Di Filipina, International Rice Research Institute (IRRI) bertujuan untuk memberdayakan petani dari seluruh negara karena mereka adalah “sumber daya terbaik” negara.

Swasembada beras, menurut IRRI, dapat dicapai dengan memastikan bahwa produsen pangan mempunyai akses dan sadar akan cara-cara untuk meningkatkan pertanian mereka.

Menurut DA, pemerintah juga sedang dalam proses melaksanakan proyek yang akan membantu mempersiapkan sektor pertanian menghadapi perubahan iklim.

Dengan memberdayakan petani, mereka tidak akan terbebani ganda oleh dampak perubahan iklim dan permasalahan sosio-ekonomi yang sudah ada – sektor ini sudah menderita kemiskinan yang tinggi.

Tetap organik, bukan GMO

Sementara itu, Greenpeace berpendapat bahwa organisme hasil rekayasa genetika (GMO) seperti Beras Emas, beras hasil rekayasa genetika dengan tambahan beta-karoten dari jagung, bukanlah sebuah jawaban.

IRRI mengembangkan Beras Emas di Filipina di tengah penolakan dari beberapa kelompok petani dan konsumen. (BACA: Beras Emas: Medan Pertempuran GMO Berikutnya)

Dibandingkan dengan metode pemuliaan tradisional, itu kata institut bahwa kemampuan modifikasi genetik untuk memasukkan gen-gen dengan sifat-sifat yang bermanfaat ke dalam varietas padi baru merupakan suatu keuntungan.

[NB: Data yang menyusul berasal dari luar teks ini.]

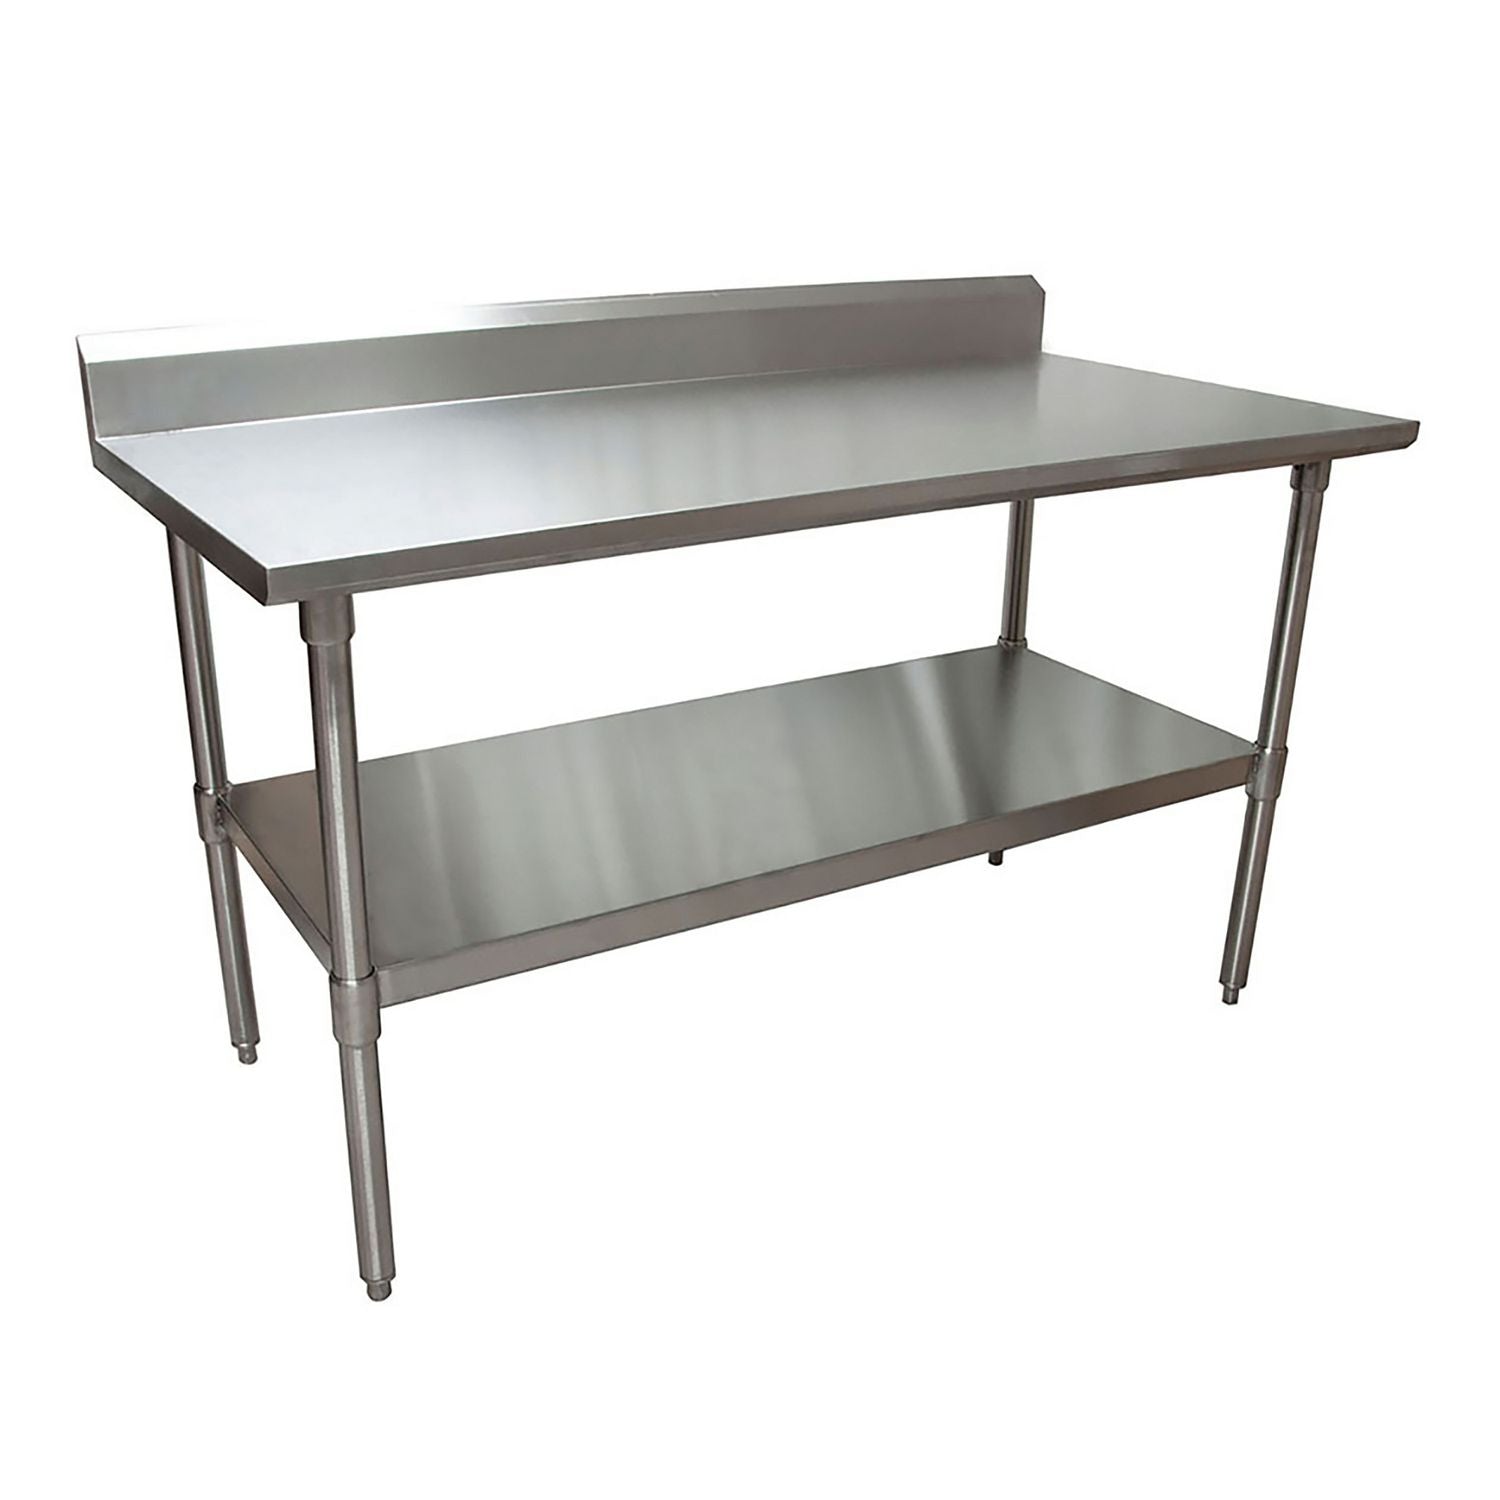 stainless-steel-5-riser-top-tables-60w-x-30d-x-3975h-silver-2-pallet-ships-in-4-6-business-days_bke2vtr56030 - 2

Namun, Greenpeace menyatakan bahwa Beras Emas dipasarkan ke negara-negara berkembang sebagai “perbaikan cepat” untuk mengakhiri kekurangan vitamin A (VAD) di kalangan anak-anak, bahkan tanpa bukti ilmiah. (MEMBACA: Mengapa saya mendukung Beras Emas Dan Membuka Kedok Beras Emas)

Juru Kampanye Pertanian Ekologis Greenpeace Filipina Daniel Ocampo mengatakan bahwa “pertanian ekologis”, yang memanfaatkan sumber daya alam secara maksimal, merupakan alternatif yang lebih baik dibandingkan GMO karena menjamin keragaman pola makan sehingga menghasilkan sumber nutrisi yang lebih sehat bagi manusia.

A belajar yang dilakukan pada tahun 2007 oleh Fred Magdoff dari Universitas Vermont, menemukan bahwa dukungan aktif pemerintah pada jenis pertanian ini akan membantu produsen pangan – terutama petani di negara berkembang – dalam tantangan yang mereka hadapi.

Pertanian organik, salah satu jenis pertanian ekologis utama, dipromosikan di Filipina oleh Undang-Undang Republik 10068 atau Undang-Undang Organik tahun 2010 yang bertujuan untuk “mempromosikan dan membantu menerapkan praktik pertanian organik di negara ini.”

Daripada berfokus pada GMO, para pemangku kepentingan sebaiknya hanya memperbaiki solusi yang sudah ada terhadap kerawanan pangan dan defisiensi nutrisi seperti fortifikasi pangan, suplementasi vitamin A, dan diversifikasi pangan.

“Solusi-solusi ini harus didukung oleh kebijakan-kebijakan yang memungkinkan petani dan industri untuk menerapkan pertanian ekologis dan bukan ilusi GMO, yang hanya akan mengalihkan sumber daya dari solusi-solusi yang sudah ada,” tambah Ocampo. – Rappler.com

Bagaimana kita bisa membantu melawan kelaparan? Rekomendasikan LSM, laporkan apa yang dilakukan sekolah atau LGU Anda, atau sarankan solusi kreatif. Email kami di [email protected]. Jadilah bagian dari #Proyek Kelaparan.